Ozone and secondary organic aerosol formation from Ethylene-NO x -NaCl irradiations under different relative humidity conditions

Abstract

The formation of ozone and secondary organic aerosol (SOA) from ethylene-NO x -NaCl(aerosol) irradiations was studied under various relative humidity (RH) conditions in an indoor smog chamber. In the absence of NaCl seed aerosols, SOA was hardly formed and peak O3 concentrations decreased linearly with increasing RH in ethylene irradiations. For the irradiations with NaCl seed aerosols, when RH <48 % (efflorescence relative humidity of NaCl), NaCl existed as solid phase and had little effect on peak O3 concentrations.
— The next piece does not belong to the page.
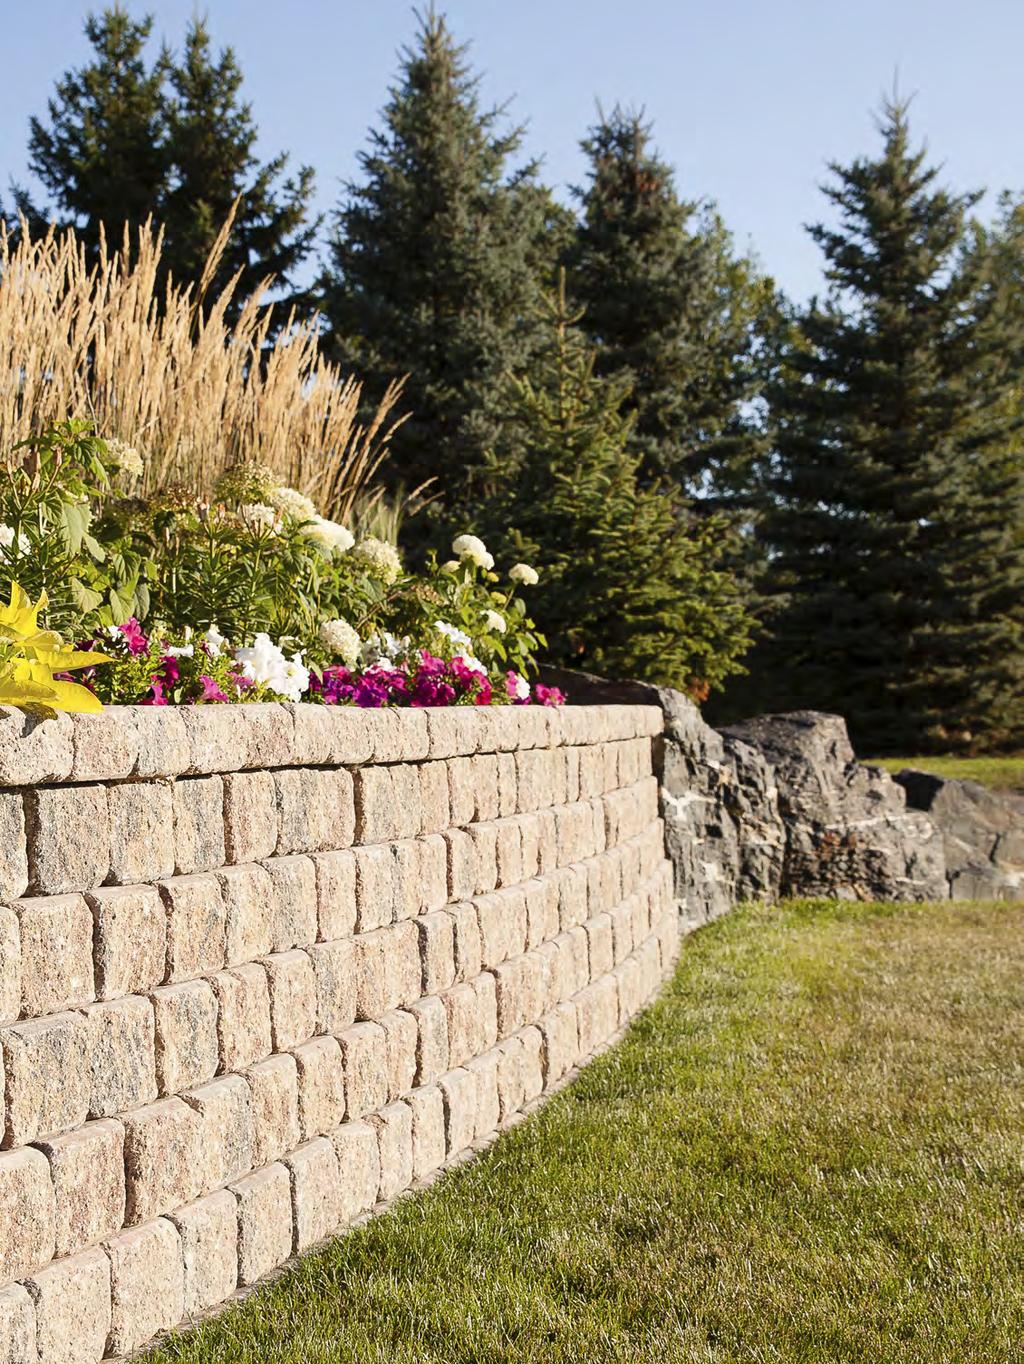 Retaining walls Barkman s wide selection of retaining walls are as versatile as

The infrared spectra from sampled particles showed that SOA was rarely formed on solid NaCl particles. However, when NaCl was in the aqueous phase as RH ≥ 48 %, the peak O3 concentration was sharply reduced by over 20 % as compared to experiments without NaCl aerosol, and the absorption of NaNO3 in aerosols was coincidently increased with RH. Model results indicated that the heterogeneous reaction of N2O5 with aqueous NaCl aerosols was the main cause for the sharp decrease of O3. Besides, the absorptions from C-H, C = O, ONO2 and COO groups all greatly increased with RH. Our results show that SOA from ethylene-NOx irradiations was mainly formed through aqueous reactions. The yields of SOA from ethylene were measured to be 1.5 and 2.3 % at RH of 65 and 84 %, respectively.